4. Toutefois, d'une part, aux termes de l'article R. 351-2 du code de justice administrative : " Lorsqu'une cour administrative d'appel ou un tribunal administratif est saisi de conclusions qu'il estime relever de la compétence du Conseil d'État, son président transmet sans délai le dossier au Conseil d'État qui poursuit l'instruction de l'affaire. (...) ". Aux termes de l'article R. 351-4 du même code : " Lorsque tout ou partie des conclusions dont est saisi un tribunal administratif, une cour administrative d'appel ou le Conseil d'État relève de la compétence d'une de ces juridictions administratives, le tribunal administratif, la cour administrative d'appel ou le Conseil d'État, selon le cas, est compétent, nonobstant les règles de répartition des compétences entre juridictions administratives, pour rejeter les conclusions entachées d'une irrecevabilité manifeste insusceptible d'être couverte en cours d'instance, pour constater qu'il n'y a pas lieu de statuer sur tout ou partie des conclusions ou pour rejeter la requête en se fondant sur l'irrecevabilité manifeste de la demande de première instance. ".

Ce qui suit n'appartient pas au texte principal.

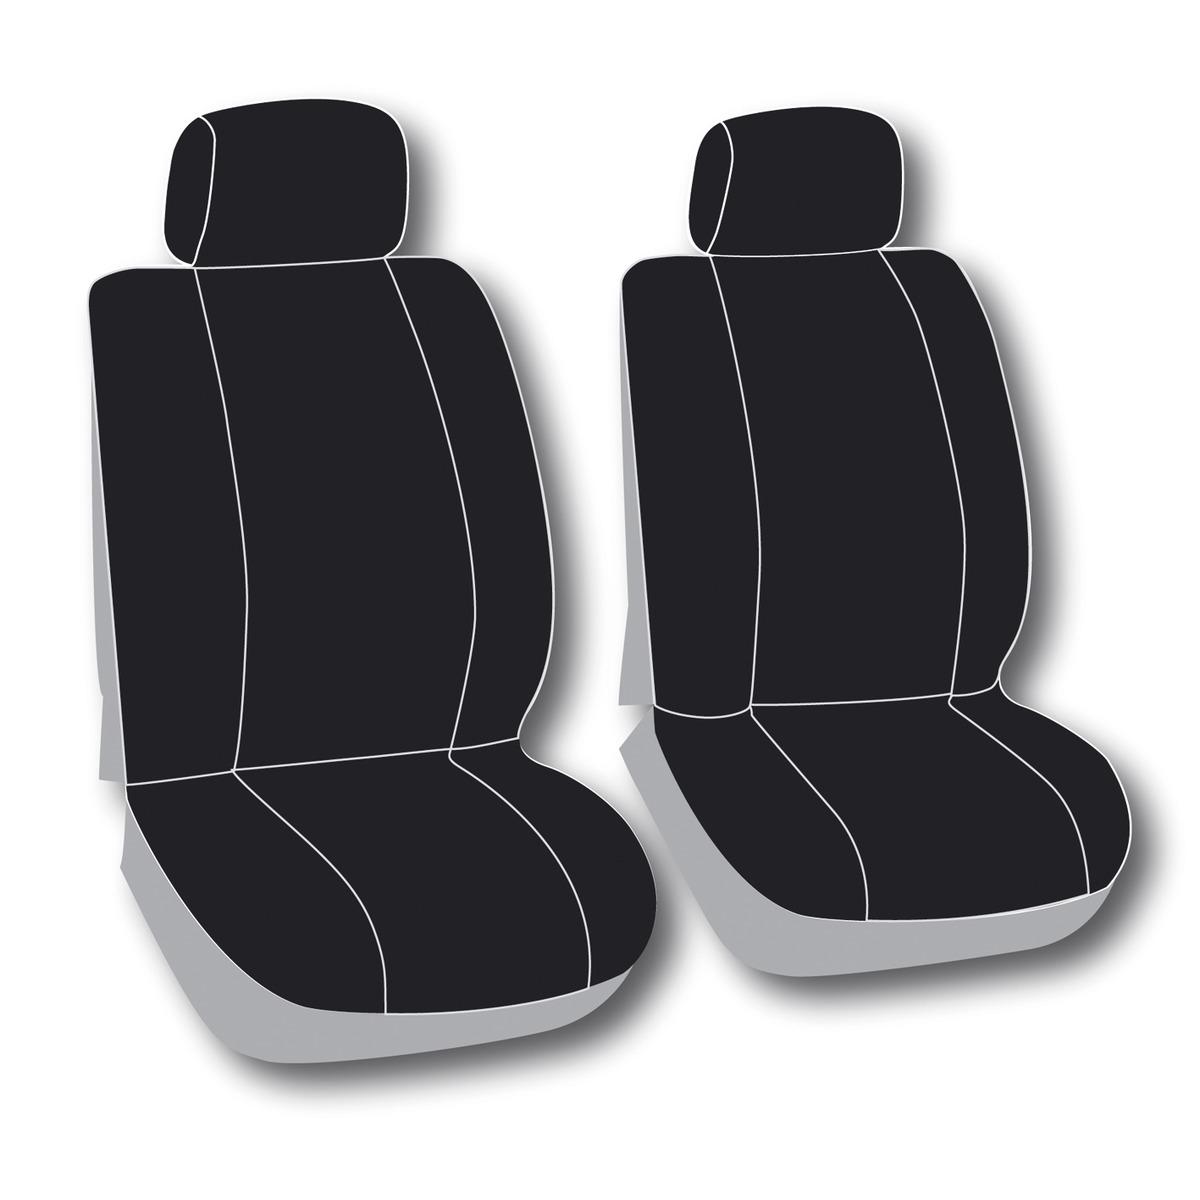 Housses de sièges auto 6 pièces - L 62 x l 52 cm - Noir

5. D'autre part, aux termes de l'article R. 421-1 du code de justice administrative : " La juridiction ne peut être saisie que par voie de recours formé contre une décision et ce, dans les deux mois à partir de la notification ou de la publication de la décision attaquée. / Lorsque la requête tend au paiement d'une somme d'argent, elle n'est recevable qu'après l'intervention de la décision prise par l'administration sur une demande préalablement formée devant elle ". Aux termes de l'article R. 421-2 de ce code : " Sauf disposition législative ou réglementaire contraire, dans les cas où le silence gardé par l'autorité administrative sur une demande vaut décision de rejet, l'intéressé dispose, pour former un recours, d'un délai de deux mois à compter de la date à laquelle est née une décision implicite de rejet. (...) ". L'article R. 421-5 du même code prévoit que : " Les délais de recours contre une décision administrative ne sont opposables qu'à la condition d'avoir été mentionnés, ainsi que les voies de recours, dans la notification de la décision. ". L'article L. 112-2 du code des relations entre le public et l'administration dispose que ne sont applicables aux relations entre l'administration et ses agents ni les dispositions de l'article L. 112-3 de ce code, aux termes desquelles : " Toute demande adressée à l'administration fait l'objet d'un accusé de réception ", ni celles de son article L. 112-6 qui dispose que : " les délais de recours ne sont pas opposables à l'auteur d'une demande lorsque l'accusé de réception ne lui a pas été transmis (...) ". Enfin, l'article L. 231-4 du code des relations entre le public et l'administration prévoit que le silence gardé par l'administration pendant deux mois vaut décision de rejet dans les relations entre les autorités administratives et leurs agents.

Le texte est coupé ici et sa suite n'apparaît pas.